I agree with what Chris says.

I continue mapping with the tagging scheme I use until someone messages me
as a discussion. By ignoring current usage (regarded with more reverence
than the wiki) your consumption will potentially miss new data that mapper
adds, they will likely be unaware of your mass manual edit.

As an occasional data consumer, I have also used tags on non-public
projects because I once looked at a local area (or did mapping of it
myself) and saw what was used. Why is it fair that you break my system
without even contacting people who mapped with those tags?

>From the east coast main line,
Gregory.

On Oct 13, 2016 6:53 PM, "Chris Hill" <o...@raggedred.net> wrote:

> Stuart, You explained your idea (thanks for emailing first) and you added
> 'in case anyone has any violent objections'. I voiced my objection. I'm not
> in charge nor am I the OSM Police, you should proceed as you see fit and so
> will I.
>
> I have written about this process more than once in the past, for example
> http://chris-osm.blogspot.co.uk/2012/01/homogenised-data-no-thanks.html
>
> Cheers, Chris (chillly)
>
> On 13/10/16 18:33, Stuart Reynolds wrote:
>
>> Dave, yes - sorry. Mistyped what I had been sent. It is only 127, two of
>> which are one single instance of access:psv:bus, which surely ought to be
>> just bus=*, and one single instance of access:psv:maxweight
>>
>> Chris - I will quite happily build in different tagging schemes if I feel
>> that the tagging is correct and likely to be repeated elsewhere. But I
>> don’t believe that this is. It is unexpected, and it is undocumented. I
>> haven’t looked to see if it is one user, or 127 different users. But either
>> way it is at most 127 out of the 40,000 contributors that we apparently had
>> last month according to a different thread today. And the whole purpose of
>> me asking was, anyway, to find out if people had a real need to tag in this
>> unusual way before I changed it, rather than to be told that if you found
>> me doing it, you’d /insist/ [my italics] on it being reverted.
>>
>> Regards,
>> Stuart Reynolds
>> for traveline south east & anglia
>>
>>
>>
>> On 13 Oct 2016, at 18:07, Dave F <davefoxfa...@btinternet.com <mailto:
>>> davefoxfa...@btinternet.com>> wrote:
>>>
>>> Stuart
>>> I'm only returning 127 (Worldwide) & 29 (UK, 24 Nottingham)
>>> Compared with 77857 for psv=*
>>>
>>> Chris
>>> If they're to signify different entries, what are those differences.
>>> If they're for the same entity what is the advantage of access:psv.

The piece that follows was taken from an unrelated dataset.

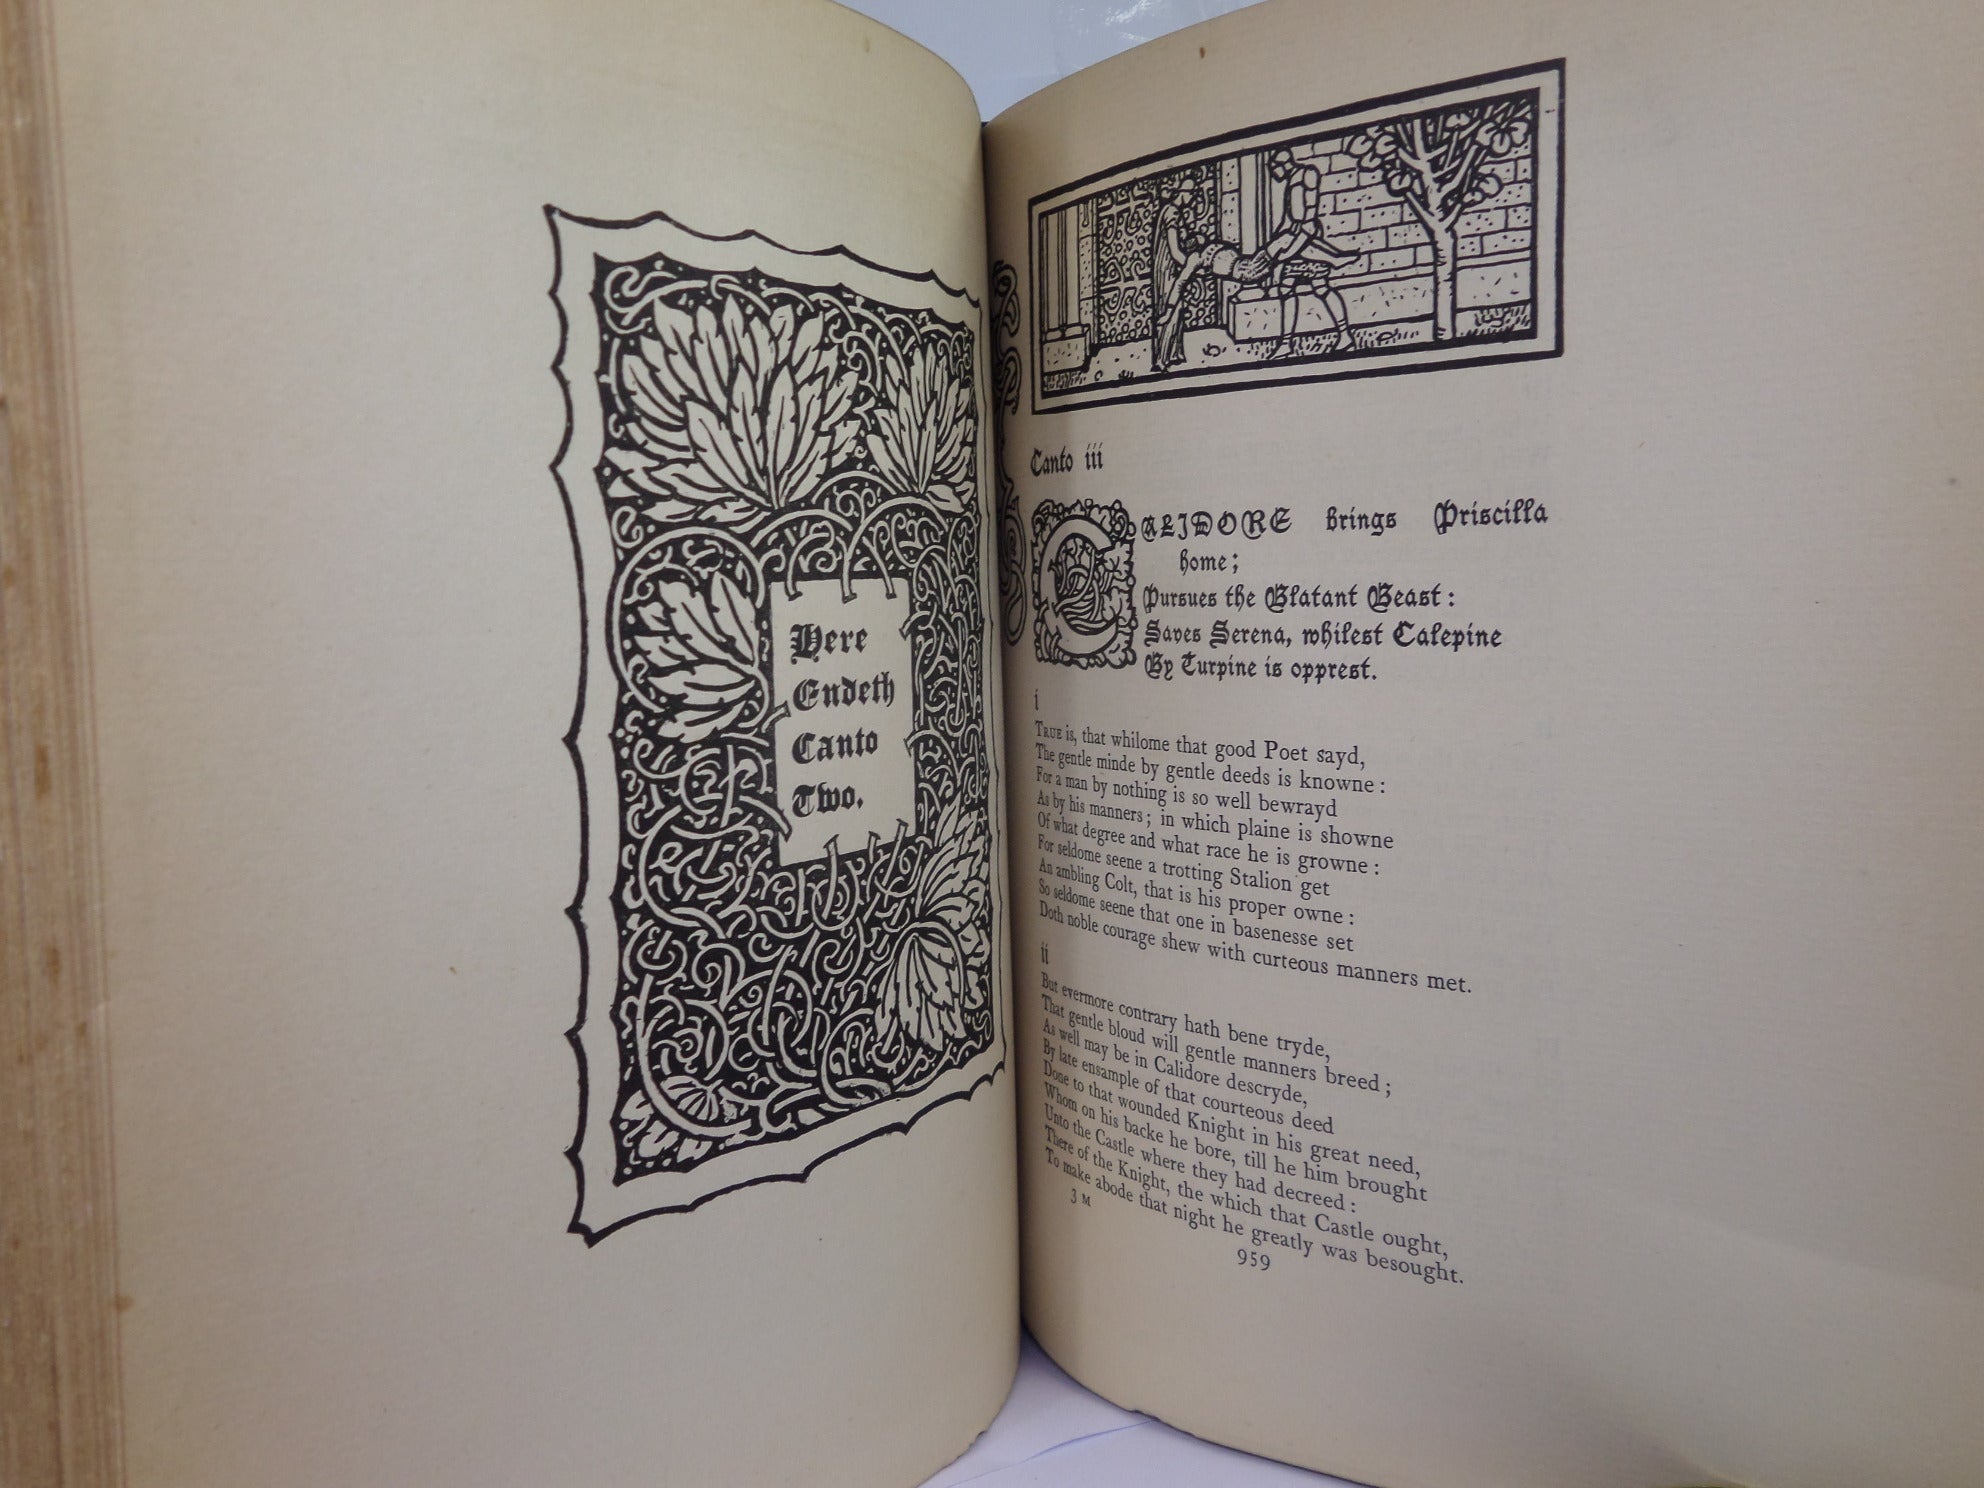 THE FAERIE QUEENE BY EDMUND SPENSER 1897 ILLUSTRATED BY LOVIS FAIRFAX-MUCKLEY, LIMITED EDITION IN TWO VOLS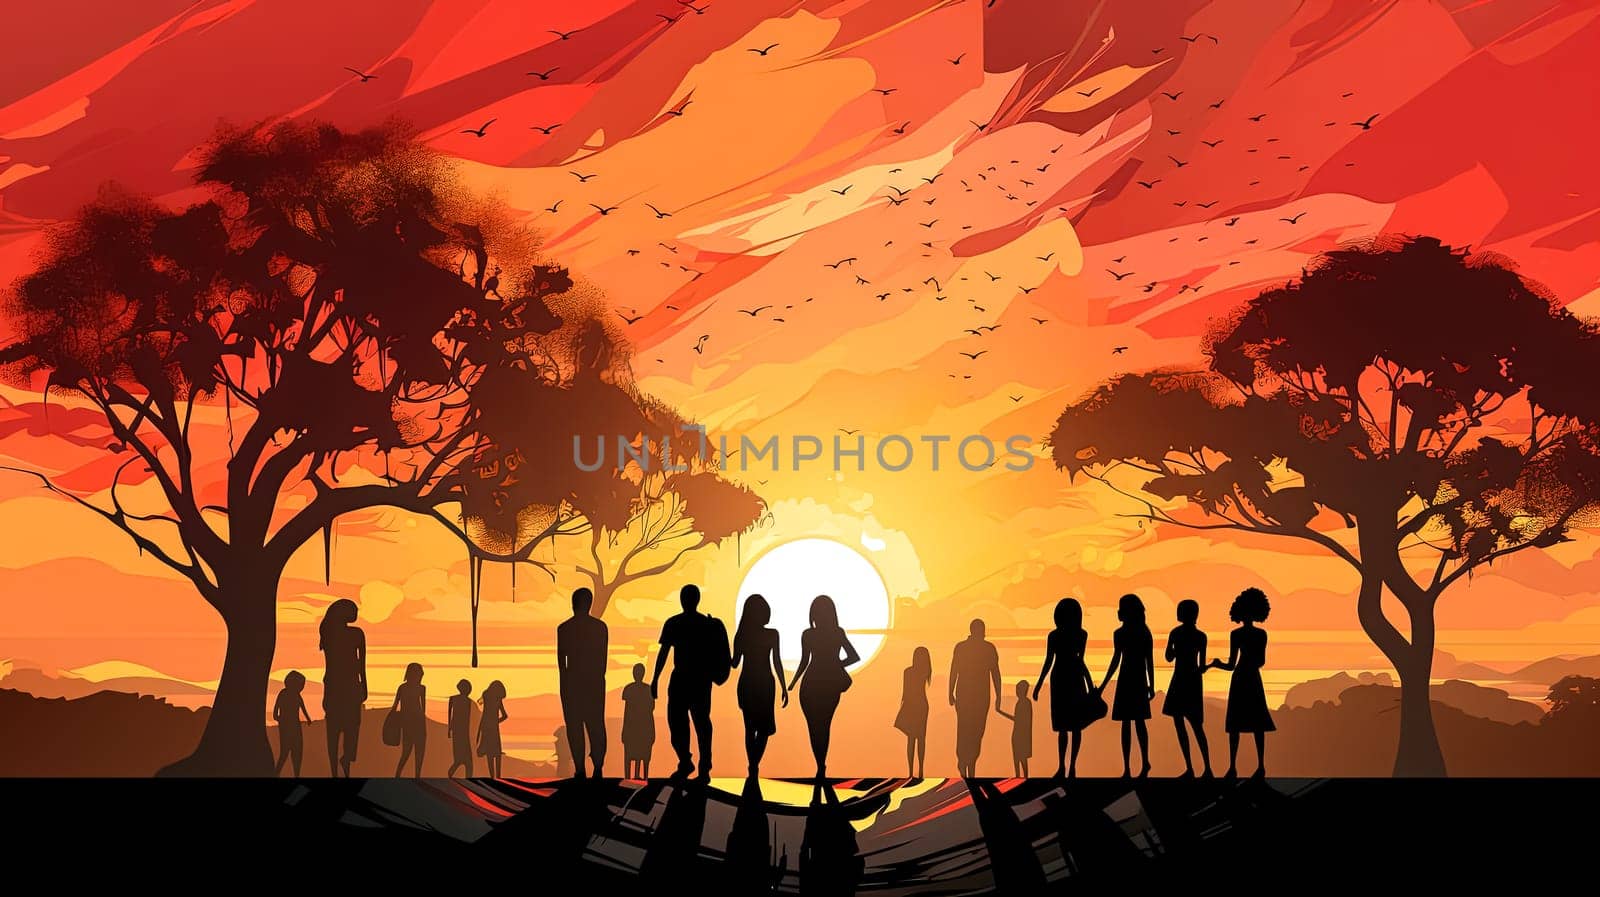 Celebrate love with a Valentines Day illustration featuring silhouettes of people by Alla_Morozova93

If
>>> there is none, they should be change as clearly more users are expecting
>>> psv=*
>>>
>>> If the changes are to a more popular or useful tag, then there's no
>>> harm. With fewer tags, it makes it easier for a consumer to validate the
>>> data.
>>>
>>> DaveF.
>>>
>>>
>>> On 13/10/2016 17:38, Chris Hill wrote:
>>>
>>>> Please don't change the tags to suit your application. If every data
>>>> consumer changed the tags they don't like it would be mayhem. If you edit
>>>> tags and by doing that you upset a single mapper, that is a disaster -
>>>> mappers are our most precious resource.
>>>>
>>>> Change your processing to include both types of tagging. It is not hard
>>>> to do, you write the code once and use it whenever you need to in the
>>>> future.
>>>>
>>>> Cheers, Chris (chillly)
>>>>
>>>> On 13 October 2016 17:12:21 BST, Stuart Reynolds <
>>>> stu...@travelinesoutheast.org.uk> wrote:
>>>>
>>>>     Greetings all!
>>>>
>>>>     In Nottingham in particular there are a number of roads marked
>>>>     with access:psv tags. This is unusual, in that I would normally
>>>>     expect to see simply psv=* on these roads - and more importantly
>>>>     (to me) so would my contractor who is importing the data. I’ve
>>>>     checked the wiki for “access” and it seems to agree with the
>>>>     contractor that psv=* is the preferred tagging scheme.
>>>>
>>>>     There are only 275 instances of access:psv worldwide, and I
>>>>     propose to change those (manually) in the areas that I am
>>>>     concerned about in the UK. This is just to let you know, in case
>>>>     anyone has any violent objections or wonders what I am up to.